Dossier non géolocalisé

Localisation
  • Aire d'étude et canton Communauté de communes de Serre-Ponçon - Chorges
  • Commune Savines-le-Lac
  • Adresse place de l' Eglise
  • Cadastre 2023 AD 74
  • Dénominations
    église
  • Appellations
    Saint-Florent
  • Parties constituantes non étudiées
    presbytère, salles paroissiales

Historique

En 1946, l’Etat lance l’application du projet de nationalisation des sources d’énergie qui avait été élaboré par le Centre National de la Résistance. A peine créé, Electricité De France relance un projet de barrage datant du début du 20e siècle qui avait été abandonné à la suite de la découverte de sources qui auraient pu mettre en péril la construction d’un barrage en briques.

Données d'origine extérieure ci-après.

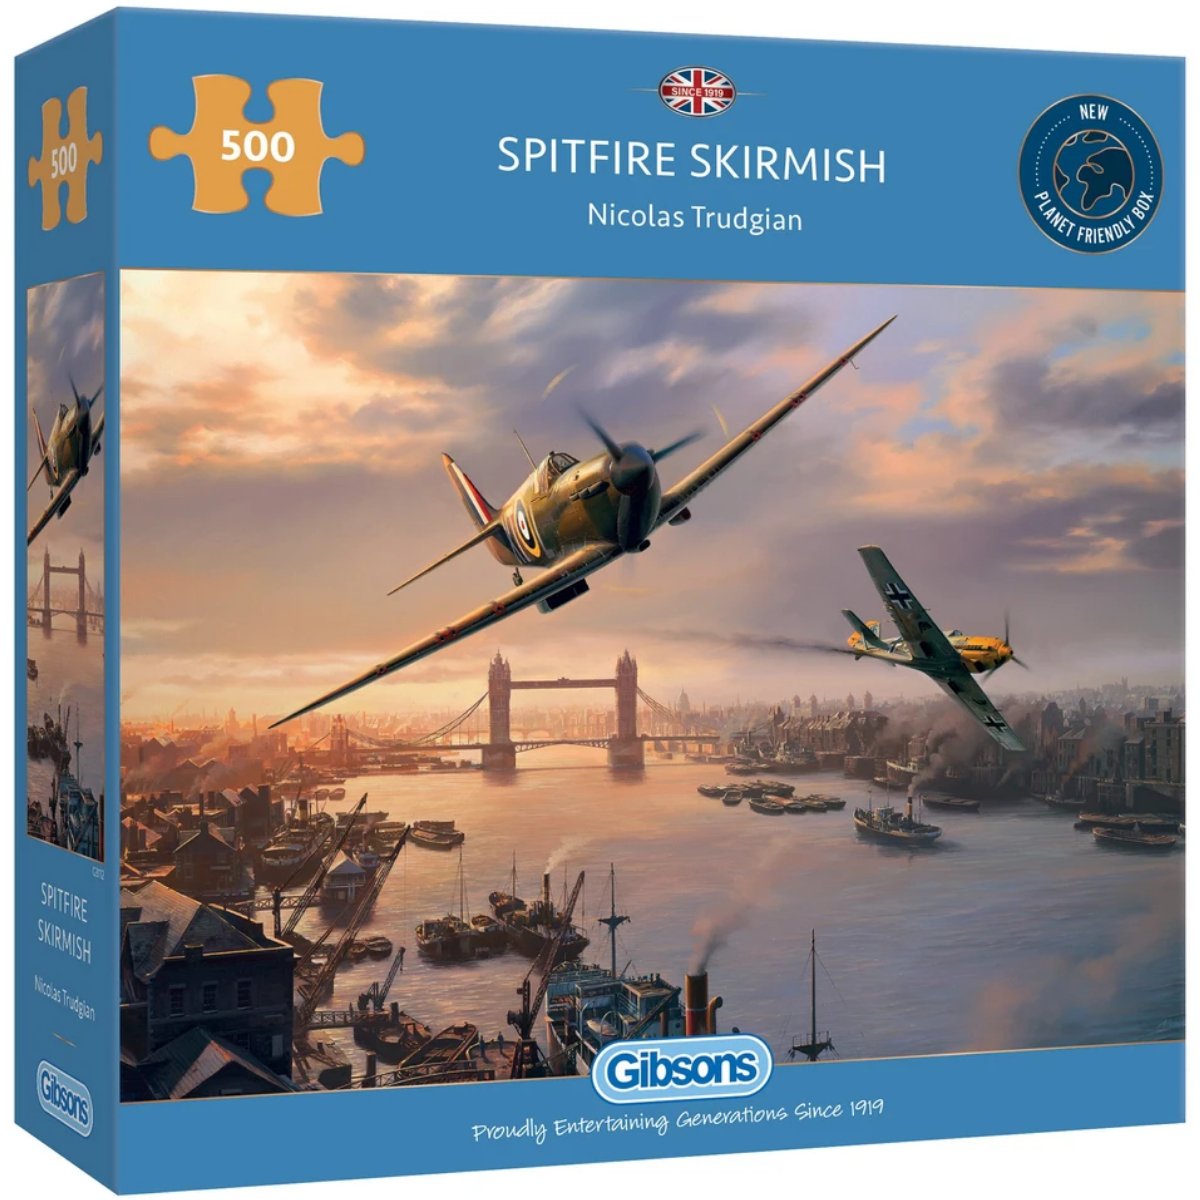 Gibsons Spitfire Skirmish Jigsaw Puzzle (500 Pieces)
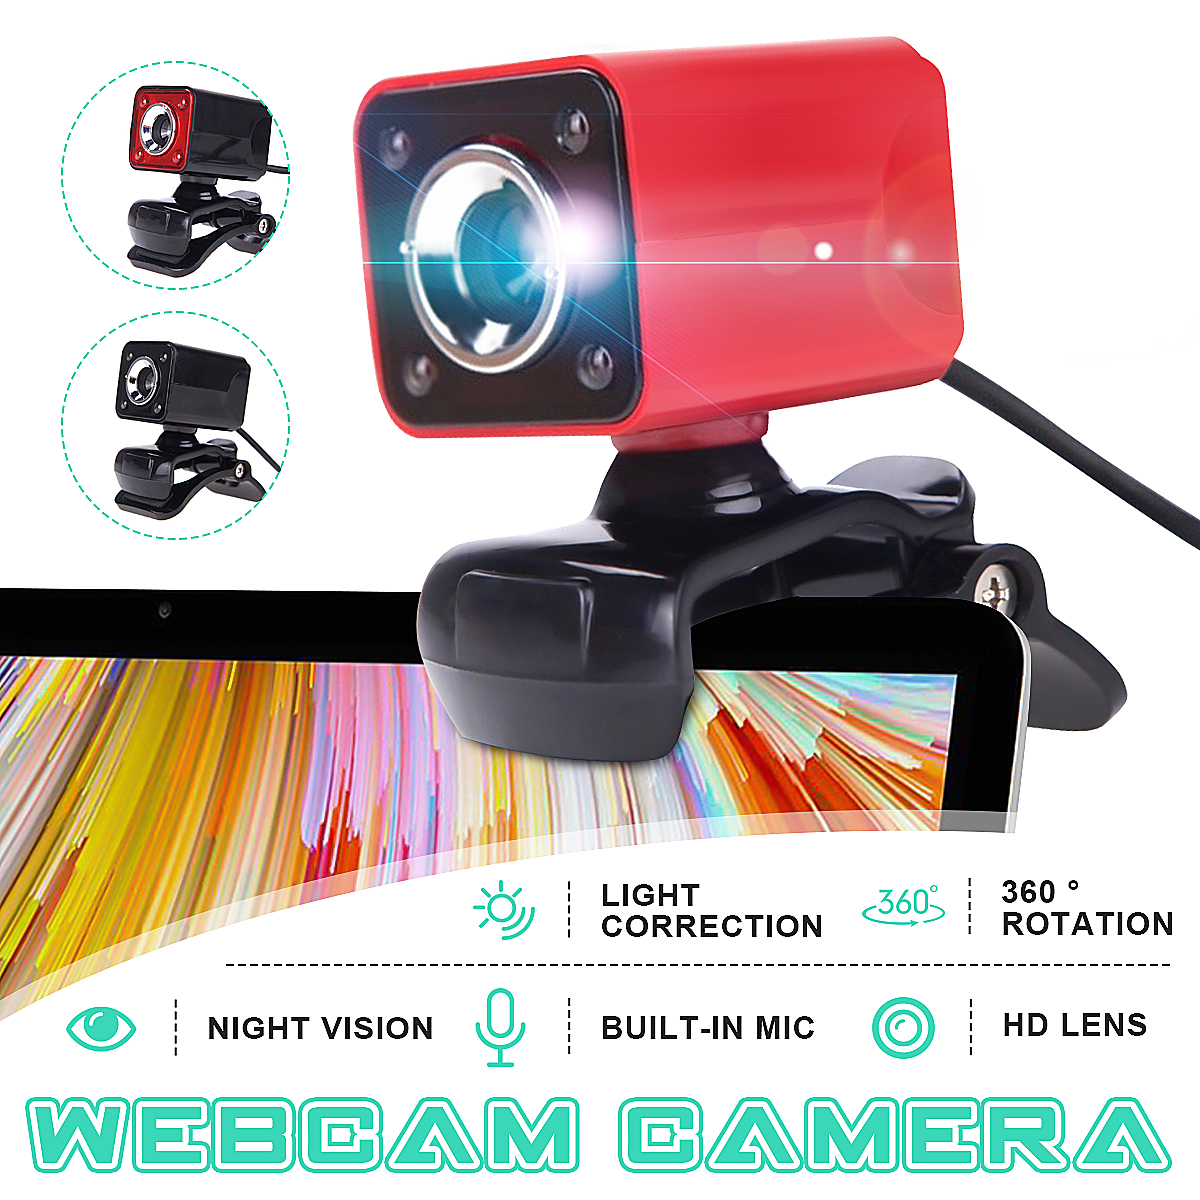 360deg-Rotation-USB-HD-Webcam-Camera-with-Built-in-Microphone-LED-Night-Vision-for-PC-Laptop-Desktop-1681680-2

EDF choisit de construire un barrage en terre en suivant l’exemple de l’ouvrage réalisé sur la rivière Tennessee et dépose une demande de concession devant le Comité technique des grands barrages en 1951 : le projet doit engloutir les villages d’Ubaye et de Savines. La même année, un bureau d’études en charge de projeter la transformation des routes et autres réseaux de circulation de la vallée s’installe dans le village. En 1953, une commission d’aménagement de la région Durance dirigée par Georges Meyer-Heine, architecte- urbaniste du MRU de Marseille, est créée. L’architecte Achille de Panaskhet est nommé pour penser et mettre en œuvre la construction d’un nouveau Savines ;  le village naguère agricole et industriel va renaître en village touristique et commercial.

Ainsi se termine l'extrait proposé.